Ia meremas gelas kopi di tangannya, tak menyadari bahwa sebagian isi kopi sudah tumpah ke taplak meja.

Beberapa detik kemudian, ponselnya mulai bergetar. Pertama dari grup keluarga besar. Lalu kolega di kantor. Teman SMA yang sudah lama tak menyapa. Bahkan seorang jurnalis gaya hidup yang dulu pernah mewawancarainya untuk segmen “Perempuan Berpengaruh di Balik Startup Ternama”.

Notifikasi datang seperti tembakan peluru.

Tiap satu menyentuh layar, satu sisi dalam dirinya runtuh sedikit demi sedikit.

Kamu nggak akan buat pernyataan resmi?

Namira, kamu masih tinggal di rumah Papa? Atau sudah pisah properti?

Kami perlu tahu sikapmu agar komunikasi ke media bisa kami kendalikan.

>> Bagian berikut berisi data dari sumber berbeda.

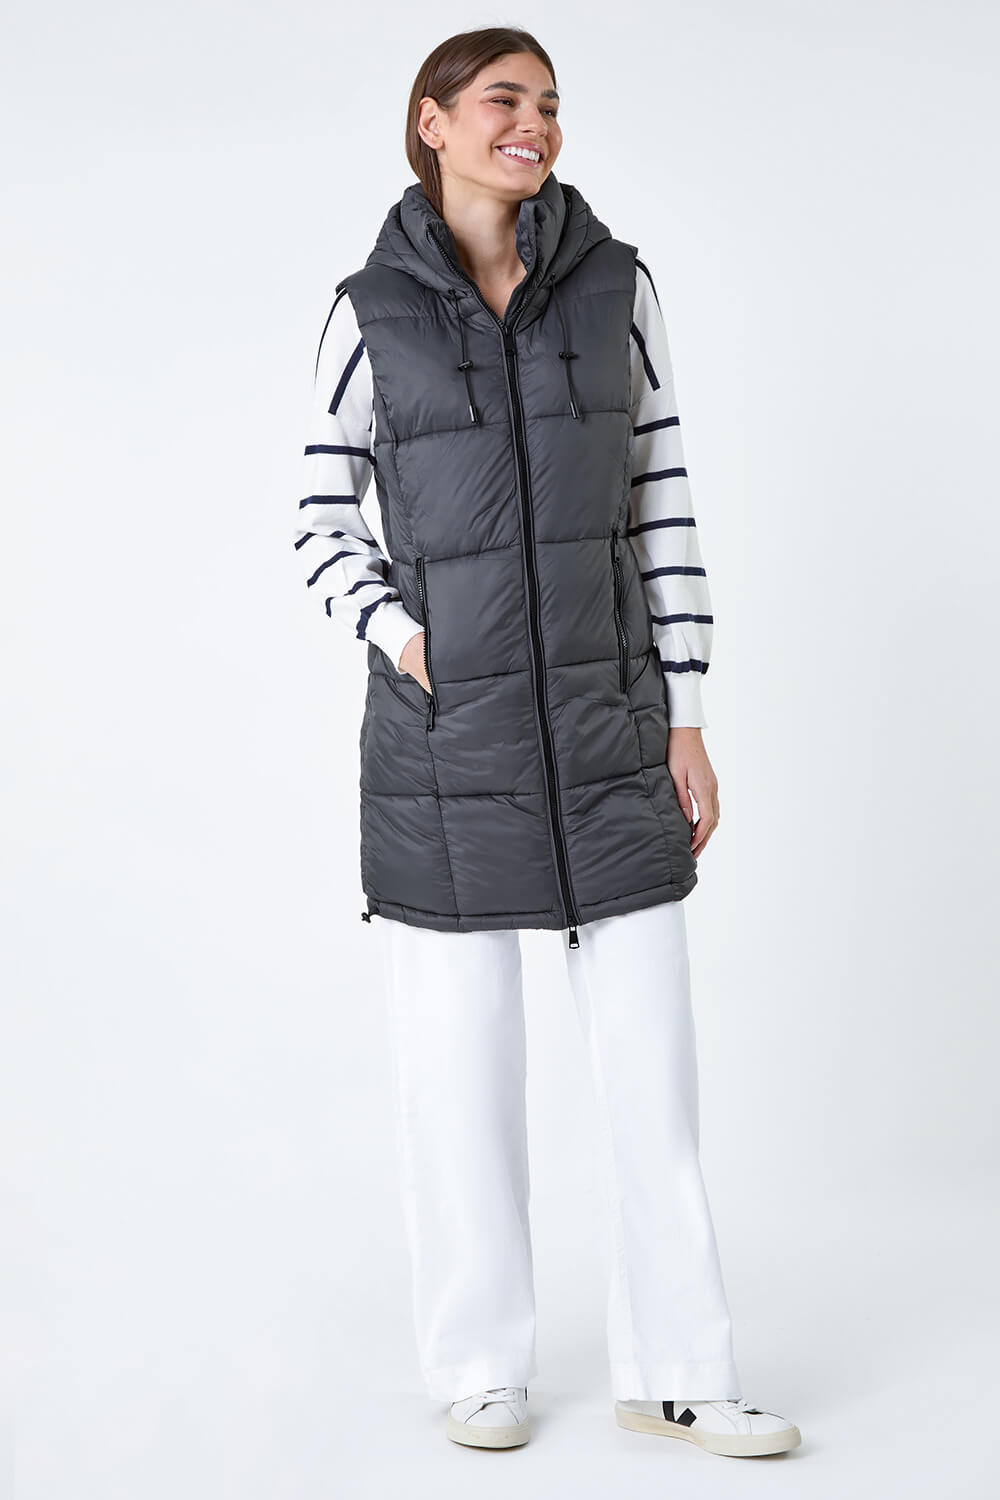 Charcoal Padded Longline Hooded Gilet, Image 4 of 6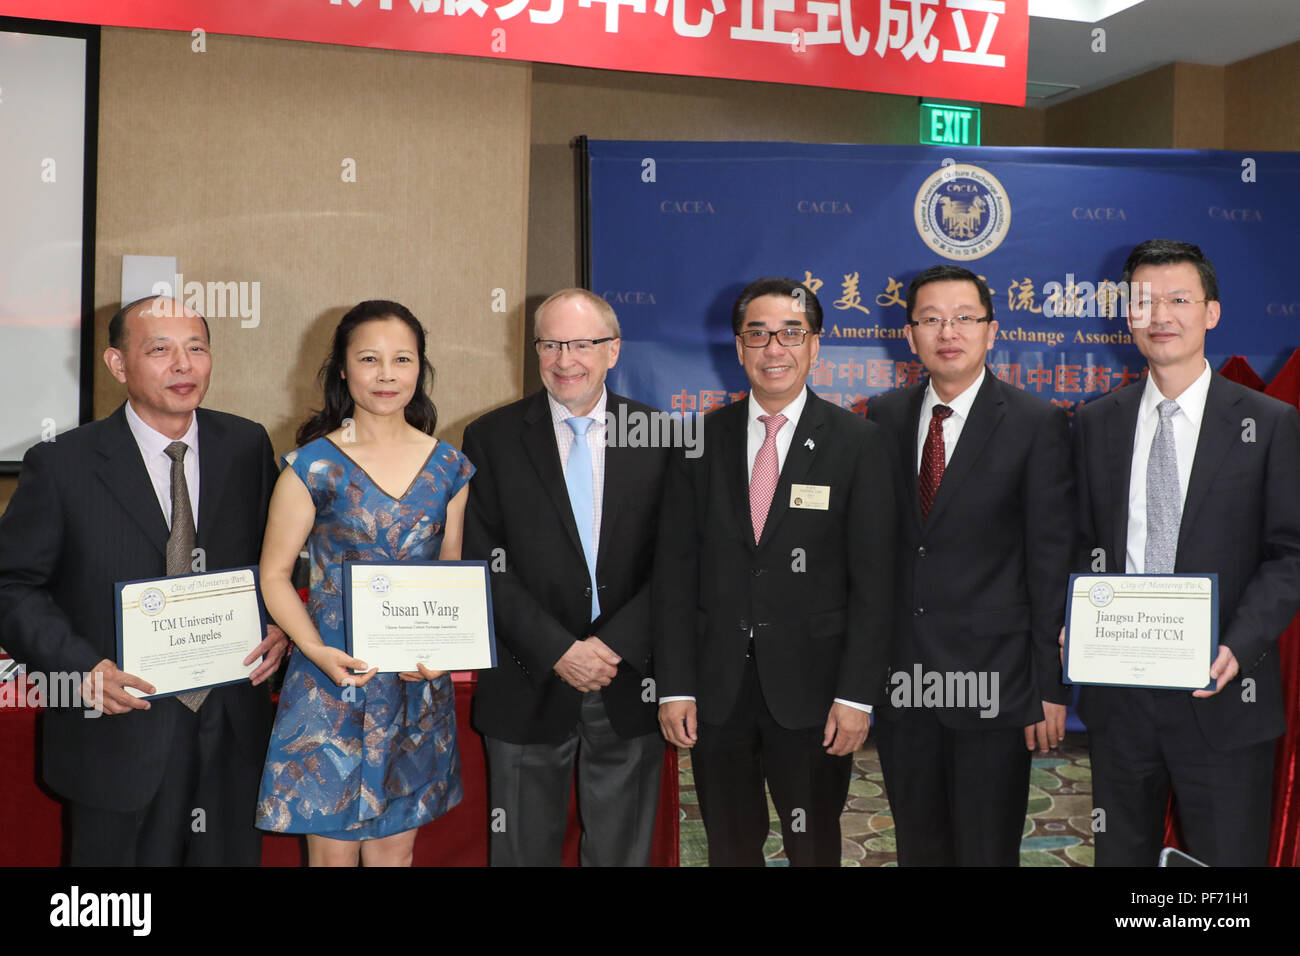 Los Angeles, California, USA. 19th August, 2018. Professor Li Hong, Susan Wang, Harrison Engle, Mayor Lam LIn, Mr. Shuangming, Vice-Consul General Chinese Consulate in Los Angeles, and Zhuyuan Fang, attending the Traditional Chinese Medicine (TCM) Service for Overseas citizens that was launched today in Los Angeles with an  Opening Ceremony and Unveiling held at the Holiday Inn in Diamond Bar, California. The project is jointly sponsored by the Jiangsu Provincial Government and the Jiangsu Provincial Institute of Traditional Chinese Medicine.  Credit: Sheri Determan/Alamy Live News Stock Photo

Pernyataan, sikap, komunikasi. Semua kata-kata itu terasa asing, dingin dan mekanis. Seolah yang sedang disorot bukan kehidupan, tapi krisis PR sebuah perusahaan.

Namira berjalan ke dapur, mencuci tangan dengan gerakan tak beraturan. Tangannya menggigil. Ia berhenti, menatap wajahnya di pantulan lemari kaca. Matanya terlihat lelah. Tpi lebih dari itu, ia merasa asing dengan dirinya sendiri.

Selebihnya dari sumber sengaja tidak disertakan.